» Data section
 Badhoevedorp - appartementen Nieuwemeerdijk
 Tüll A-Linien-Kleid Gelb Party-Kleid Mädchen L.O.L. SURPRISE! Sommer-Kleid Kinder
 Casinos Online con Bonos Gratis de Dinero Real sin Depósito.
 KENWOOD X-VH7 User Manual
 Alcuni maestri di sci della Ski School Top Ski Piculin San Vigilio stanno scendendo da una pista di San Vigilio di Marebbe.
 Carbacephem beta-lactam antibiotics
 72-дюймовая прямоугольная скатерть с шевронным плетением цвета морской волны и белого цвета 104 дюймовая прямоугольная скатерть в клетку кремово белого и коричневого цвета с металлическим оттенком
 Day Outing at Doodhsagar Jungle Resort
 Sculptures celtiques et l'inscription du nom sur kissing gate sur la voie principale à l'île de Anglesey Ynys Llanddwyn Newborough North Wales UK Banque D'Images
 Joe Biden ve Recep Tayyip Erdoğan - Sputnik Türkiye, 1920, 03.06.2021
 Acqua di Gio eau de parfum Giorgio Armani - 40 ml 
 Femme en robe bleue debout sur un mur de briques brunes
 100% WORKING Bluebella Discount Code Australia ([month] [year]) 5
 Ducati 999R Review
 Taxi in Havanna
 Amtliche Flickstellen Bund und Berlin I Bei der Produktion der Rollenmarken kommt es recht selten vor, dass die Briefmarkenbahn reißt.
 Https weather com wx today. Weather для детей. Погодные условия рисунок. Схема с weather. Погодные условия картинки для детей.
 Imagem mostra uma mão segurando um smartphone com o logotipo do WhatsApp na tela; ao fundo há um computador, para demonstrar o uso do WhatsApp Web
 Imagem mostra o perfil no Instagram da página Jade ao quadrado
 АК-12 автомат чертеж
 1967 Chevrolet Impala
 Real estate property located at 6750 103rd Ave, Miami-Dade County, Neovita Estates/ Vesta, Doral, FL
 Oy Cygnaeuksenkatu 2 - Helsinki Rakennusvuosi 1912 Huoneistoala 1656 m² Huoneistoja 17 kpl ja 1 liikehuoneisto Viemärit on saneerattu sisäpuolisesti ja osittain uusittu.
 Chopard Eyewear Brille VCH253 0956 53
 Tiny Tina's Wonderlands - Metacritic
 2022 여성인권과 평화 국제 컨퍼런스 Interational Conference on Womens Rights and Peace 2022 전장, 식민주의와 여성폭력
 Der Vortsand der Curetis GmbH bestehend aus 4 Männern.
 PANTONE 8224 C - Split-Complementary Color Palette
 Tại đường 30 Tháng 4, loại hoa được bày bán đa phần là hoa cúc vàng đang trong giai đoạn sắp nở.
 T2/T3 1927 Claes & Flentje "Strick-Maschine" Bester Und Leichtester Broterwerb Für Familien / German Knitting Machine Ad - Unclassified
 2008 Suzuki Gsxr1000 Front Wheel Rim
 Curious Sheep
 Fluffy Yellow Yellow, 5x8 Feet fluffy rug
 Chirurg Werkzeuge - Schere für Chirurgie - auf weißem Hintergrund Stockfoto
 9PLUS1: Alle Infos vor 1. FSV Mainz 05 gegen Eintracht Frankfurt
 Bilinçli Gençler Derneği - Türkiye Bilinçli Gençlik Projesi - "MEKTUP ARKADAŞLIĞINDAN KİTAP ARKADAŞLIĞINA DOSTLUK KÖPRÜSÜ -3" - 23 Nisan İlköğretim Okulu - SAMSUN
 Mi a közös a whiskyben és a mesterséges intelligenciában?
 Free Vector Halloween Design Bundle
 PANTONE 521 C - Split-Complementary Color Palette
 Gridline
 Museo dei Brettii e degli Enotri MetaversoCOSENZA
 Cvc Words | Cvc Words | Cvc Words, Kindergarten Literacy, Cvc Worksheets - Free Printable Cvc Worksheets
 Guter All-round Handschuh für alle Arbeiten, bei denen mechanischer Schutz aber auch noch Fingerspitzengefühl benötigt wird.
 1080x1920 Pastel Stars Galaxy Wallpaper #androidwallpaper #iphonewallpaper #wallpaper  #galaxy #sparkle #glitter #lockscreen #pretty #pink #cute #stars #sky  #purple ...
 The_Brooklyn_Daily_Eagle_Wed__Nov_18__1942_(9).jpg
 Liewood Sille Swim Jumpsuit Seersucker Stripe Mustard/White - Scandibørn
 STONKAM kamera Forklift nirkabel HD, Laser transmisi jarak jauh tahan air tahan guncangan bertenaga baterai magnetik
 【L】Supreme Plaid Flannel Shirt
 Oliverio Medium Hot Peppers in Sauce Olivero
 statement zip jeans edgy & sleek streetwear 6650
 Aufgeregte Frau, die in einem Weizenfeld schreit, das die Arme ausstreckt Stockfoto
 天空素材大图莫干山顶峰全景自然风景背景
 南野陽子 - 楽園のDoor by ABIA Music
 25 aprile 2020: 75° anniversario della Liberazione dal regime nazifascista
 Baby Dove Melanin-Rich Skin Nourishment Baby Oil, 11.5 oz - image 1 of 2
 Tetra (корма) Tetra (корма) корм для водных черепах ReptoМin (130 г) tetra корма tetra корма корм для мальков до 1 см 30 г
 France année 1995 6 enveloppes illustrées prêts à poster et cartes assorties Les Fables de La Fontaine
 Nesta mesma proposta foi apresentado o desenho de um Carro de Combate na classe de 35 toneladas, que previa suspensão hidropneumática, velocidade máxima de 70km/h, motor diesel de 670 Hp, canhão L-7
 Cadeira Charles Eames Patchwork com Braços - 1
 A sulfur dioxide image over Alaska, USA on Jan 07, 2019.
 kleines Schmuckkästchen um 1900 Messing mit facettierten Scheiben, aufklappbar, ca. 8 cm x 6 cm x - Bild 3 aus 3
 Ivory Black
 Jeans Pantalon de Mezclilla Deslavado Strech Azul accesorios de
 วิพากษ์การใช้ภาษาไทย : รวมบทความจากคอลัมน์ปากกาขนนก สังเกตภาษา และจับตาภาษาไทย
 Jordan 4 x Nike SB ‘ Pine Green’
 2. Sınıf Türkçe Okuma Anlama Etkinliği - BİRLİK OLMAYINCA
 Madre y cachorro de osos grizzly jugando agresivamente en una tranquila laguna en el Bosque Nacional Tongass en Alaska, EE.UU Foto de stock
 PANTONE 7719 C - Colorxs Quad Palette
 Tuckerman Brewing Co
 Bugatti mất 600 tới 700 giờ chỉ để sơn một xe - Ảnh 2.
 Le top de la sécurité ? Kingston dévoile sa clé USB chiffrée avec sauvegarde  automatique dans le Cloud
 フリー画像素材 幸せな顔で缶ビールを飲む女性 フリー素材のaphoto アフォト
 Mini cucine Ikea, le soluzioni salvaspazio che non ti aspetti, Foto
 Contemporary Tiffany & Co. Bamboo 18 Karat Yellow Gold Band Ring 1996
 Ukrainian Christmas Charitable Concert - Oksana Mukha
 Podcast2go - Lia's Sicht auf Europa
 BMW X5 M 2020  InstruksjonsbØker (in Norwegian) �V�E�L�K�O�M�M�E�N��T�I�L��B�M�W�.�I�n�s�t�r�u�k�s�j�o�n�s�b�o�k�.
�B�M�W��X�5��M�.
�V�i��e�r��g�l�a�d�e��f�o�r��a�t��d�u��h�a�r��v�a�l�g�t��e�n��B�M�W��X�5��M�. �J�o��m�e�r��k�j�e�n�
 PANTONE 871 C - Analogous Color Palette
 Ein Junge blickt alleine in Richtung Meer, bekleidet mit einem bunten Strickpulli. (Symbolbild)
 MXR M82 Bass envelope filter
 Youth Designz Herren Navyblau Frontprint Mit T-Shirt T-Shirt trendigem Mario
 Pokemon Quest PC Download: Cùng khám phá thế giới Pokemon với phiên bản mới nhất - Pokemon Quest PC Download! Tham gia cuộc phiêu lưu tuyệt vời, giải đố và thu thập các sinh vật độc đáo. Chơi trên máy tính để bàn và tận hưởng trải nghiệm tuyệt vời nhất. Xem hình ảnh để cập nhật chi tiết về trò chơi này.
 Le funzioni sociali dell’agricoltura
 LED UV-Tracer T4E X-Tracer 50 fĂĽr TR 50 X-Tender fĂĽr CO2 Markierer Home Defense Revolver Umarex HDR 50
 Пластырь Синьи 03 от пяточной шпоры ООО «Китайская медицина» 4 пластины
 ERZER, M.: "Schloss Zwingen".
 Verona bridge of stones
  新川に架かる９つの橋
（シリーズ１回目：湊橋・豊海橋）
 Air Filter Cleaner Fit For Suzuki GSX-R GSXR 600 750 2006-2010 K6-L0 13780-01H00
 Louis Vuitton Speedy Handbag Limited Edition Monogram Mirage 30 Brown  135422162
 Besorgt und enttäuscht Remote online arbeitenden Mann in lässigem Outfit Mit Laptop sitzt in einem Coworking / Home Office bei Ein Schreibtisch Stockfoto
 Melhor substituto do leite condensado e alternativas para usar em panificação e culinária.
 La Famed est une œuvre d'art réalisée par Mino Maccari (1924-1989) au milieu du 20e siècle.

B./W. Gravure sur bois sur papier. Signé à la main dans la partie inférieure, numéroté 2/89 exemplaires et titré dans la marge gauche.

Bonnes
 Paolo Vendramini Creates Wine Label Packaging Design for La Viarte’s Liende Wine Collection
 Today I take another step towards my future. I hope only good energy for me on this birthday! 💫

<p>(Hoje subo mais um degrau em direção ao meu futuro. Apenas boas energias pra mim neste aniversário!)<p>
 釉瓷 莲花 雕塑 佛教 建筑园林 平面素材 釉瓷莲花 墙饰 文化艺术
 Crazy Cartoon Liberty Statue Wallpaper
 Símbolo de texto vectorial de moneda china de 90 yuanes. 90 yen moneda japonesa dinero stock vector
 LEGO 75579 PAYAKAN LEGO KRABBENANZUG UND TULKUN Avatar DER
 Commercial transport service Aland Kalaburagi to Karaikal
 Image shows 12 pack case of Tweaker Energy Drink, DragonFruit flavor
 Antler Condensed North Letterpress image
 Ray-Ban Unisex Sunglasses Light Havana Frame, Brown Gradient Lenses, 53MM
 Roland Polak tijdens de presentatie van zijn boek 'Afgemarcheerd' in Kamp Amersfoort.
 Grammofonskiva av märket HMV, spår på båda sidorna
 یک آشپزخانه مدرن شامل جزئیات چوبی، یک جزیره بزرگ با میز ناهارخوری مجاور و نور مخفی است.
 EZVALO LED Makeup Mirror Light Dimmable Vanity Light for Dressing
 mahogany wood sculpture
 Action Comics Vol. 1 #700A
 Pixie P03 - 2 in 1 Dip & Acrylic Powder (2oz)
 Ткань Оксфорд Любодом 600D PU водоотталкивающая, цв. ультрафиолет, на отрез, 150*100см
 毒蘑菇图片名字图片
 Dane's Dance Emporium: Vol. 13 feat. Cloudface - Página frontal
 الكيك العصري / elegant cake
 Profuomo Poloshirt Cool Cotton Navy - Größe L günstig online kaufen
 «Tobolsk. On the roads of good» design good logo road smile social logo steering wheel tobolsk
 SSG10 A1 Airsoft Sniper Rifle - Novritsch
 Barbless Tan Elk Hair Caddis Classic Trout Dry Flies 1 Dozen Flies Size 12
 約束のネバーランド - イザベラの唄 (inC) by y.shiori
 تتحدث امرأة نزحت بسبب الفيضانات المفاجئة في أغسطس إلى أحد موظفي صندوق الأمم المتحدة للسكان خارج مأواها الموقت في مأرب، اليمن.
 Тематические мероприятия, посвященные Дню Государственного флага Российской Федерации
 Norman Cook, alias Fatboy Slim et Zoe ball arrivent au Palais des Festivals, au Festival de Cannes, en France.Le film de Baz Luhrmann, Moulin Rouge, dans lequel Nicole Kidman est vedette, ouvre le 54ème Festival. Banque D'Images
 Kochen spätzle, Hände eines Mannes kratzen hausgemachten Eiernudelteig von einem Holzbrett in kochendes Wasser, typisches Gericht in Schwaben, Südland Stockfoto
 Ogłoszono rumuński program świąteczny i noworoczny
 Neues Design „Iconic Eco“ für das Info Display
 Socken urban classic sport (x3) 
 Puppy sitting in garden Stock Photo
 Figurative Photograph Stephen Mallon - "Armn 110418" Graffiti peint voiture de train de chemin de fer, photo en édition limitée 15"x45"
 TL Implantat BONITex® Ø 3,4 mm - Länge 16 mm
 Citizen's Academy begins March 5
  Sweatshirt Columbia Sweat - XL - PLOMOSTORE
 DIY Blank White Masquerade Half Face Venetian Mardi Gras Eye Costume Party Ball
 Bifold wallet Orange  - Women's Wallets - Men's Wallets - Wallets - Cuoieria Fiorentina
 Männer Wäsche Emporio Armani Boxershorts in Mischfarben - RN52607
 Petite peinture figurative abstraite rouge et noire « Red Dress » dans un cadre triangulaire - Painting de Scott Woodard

» Exercise
Given the data above, transcribe exactly the lines from the one containing "Joe Biden ve" down to the one containing "1967 Chevrolet Impala", and no others.

» The answer
 Joe Biden ve Recep Tayyip Erdoğan - Sputnik Türkiye, 1920, 03.06.2021
 Acqua di Gio eau de parfum Giorgio Armani - 40 ml 
 Femme en robe bleue debout sur un mur de briques brunes
 100% WORKING Bluebella Discount Code Australia ([month] [year]) 5
 Ducati 999R Review
 Taxi in Havanna
 Amtliche Flickstellen Bund und Berlin I Bei der Produktion der Rollenmarken kommt es recht selten vor, dass die Briefmarkenbahn reißt.
 Https weather com wx today. Weather для детей. Погодные условия рисунок. Схема с weather. Погодные условия картинки для детей.
 Imagem mostra uma mão segurando um smartphone com o logotipo do WhatsApp na tela; ao fundo há um computador, para demonstrar o uso do WhatsApp Web
 Imagem mostra o perfil no Instagram da página Jade ao quadrado
 АК-12 автомат чертеж
 1967 Chevrolet Impala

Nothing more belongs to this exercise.